EDMONTON –
Dennis Edney, a lawyer who played a critical role in the release of former Guantanamo Bay prisoner Omar Khadr, has died at 77.
An obituary published in the Edmonton Journal said Edney had dementia and died Saturday.
The soccer-player-turned-lawyer took on many high-profile cases throughout his career. But his Scottish accent became known across the country as he spent more than a decade acting in defence of Khadr, who was detained in the infamous U.S. military prison in Cuba as a teen.
“Dennis was a great lawyer and friend. In all my years in the legal profession, I’ve never met a lawyer more dedicated to his clients,” said Alberta Court of King’s Bench Justice Nathan Whitling, who was a lawyer on Khadr’s legal team with Edney.
Edney was born in Dundee, a coastal city in eastern Scotland. A Scottish tabloid profile of Edney in 2012 said he was a lorry driver’s son.
“What has made me a fighter, taking on governments, is my own Scottish character. We don’t like to see the underdog being picked on,” Edney told the Daily Record.
He left home at 17 and became a low-level professional soccer player in San Francisco. He was also a truck driver and a carpenter before he sets his sights on law and went to Northumbria University in England.
Edney was about 40 when he became a criminal lawyer and made Canada his permanent home. His obituary said he embraced Edmonton as his home for most of the last 45 years.
“Dennis put his heart and soul into everything. His legal practice reflected his passion for justice and his indomitable spirit,” the obituary said.

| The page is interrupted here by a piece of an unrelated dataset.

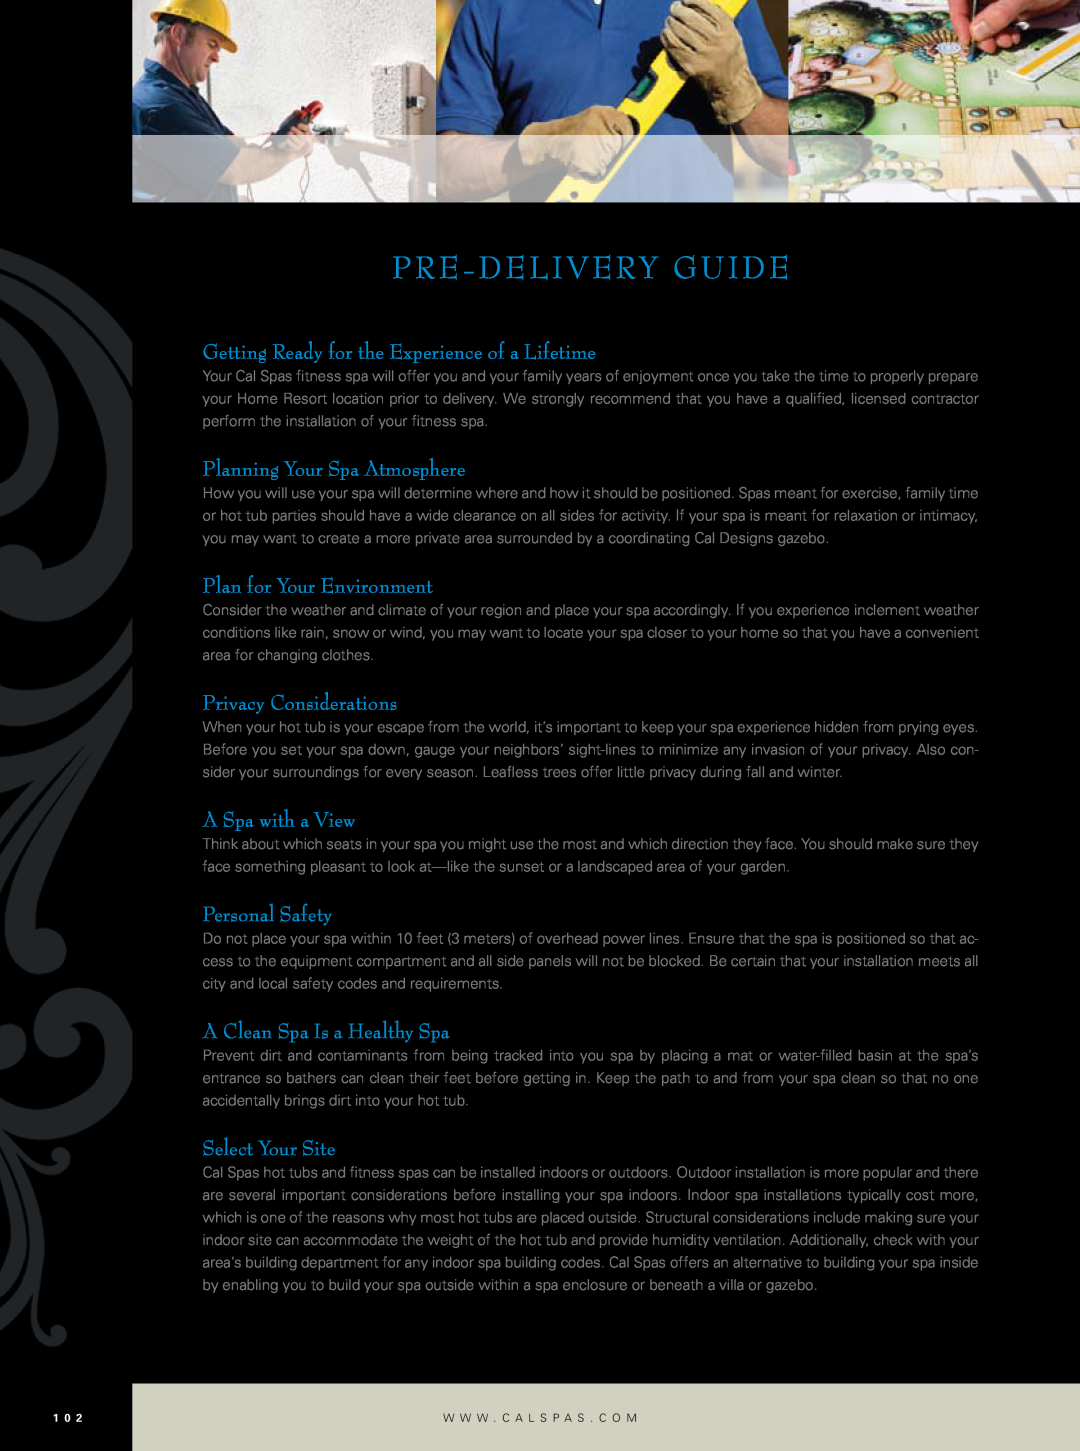 Cal Flame Hot Tub manual Pre-Deliveryguide, Getting Ready for the Experience of a Lifetime, Planning Your Spa Atmosphere

Edney’s legal practice focused on criminal and human rights law and he appeared in front of the Supreme Court of Canada numerous times. Edney and Whitling were widely celebrated as paragons of pro bono – or unpaid – work. He was a co-recipient of the 2008 National Pro Bono Award.
Edney became a constant irritant to Ottawa officials when he took on the legal representation of the young Guantanamo Bay detainee, often calling out then prime minister Stephen Harper and his Conservative government.
“Mr. Harper doesn’t like Muslims,” Mr. Edney said in 2015 after a Supreme Court hearing.
The Toronto-born Khadr was 15 when he was captured by U.S. troops in 2002 following a firefight at a suspected al-Qaida compound in Afghanistan that resulted in the death of an American special forces soldier. Khadr was accused of throwing the grenade that killed the soldier.
Edney has said he cold-called Khadr’s family in Toronto to ask if they had legal representation when the boy was initially detained. Edney travelled to Guantanamo and met Khadr, whom he described as shattered and withdrawn.
Khadr later said he pleaded guilty to get out of Guantanamo Bay, where he was the youngest detainee. A Supreme Court of Canada decision later found Canadian intelligence officials obtained evidence from Khadr under “oppressive circumstances,” such as sleep deprivation, during interrogations at Guantanamo Bay in 2003, then shared that evidence with U.S officials.
The Canadian government would later provide a $10.5 million settlement and an apology for breaching Khadr’s constitutional rights.
Edney was appointed as a foreign attorney consultant by the U.S. Pentagon to participate in Khadr’s legal defence at the naval base in Cuba. He continued to represent the young man when Khadr returned to Canada in 2012 to serve out the rest of his sentence.
When Khadr was freed on bail three years later, he moved in with Edney and the lawyer’s wife.
Patricia Edney told CBC soon after that Khadr was welcome in their home and could stay as long as “he wishes.”
The obituary said the lawyer and his wife were soulmates from the beginning. They met in 1986 and married six weeks later.
The best man at their wedding predicted to Patricia Edney that life would never be dull, the obituary said.
The couple had two sons, Cameron and Duncan. Edney loved talking over the dinner table, going to hockey arenas and ski hills, and spoiling the family dogs, the obituary said.
“His ultimate and enduring passion was family.”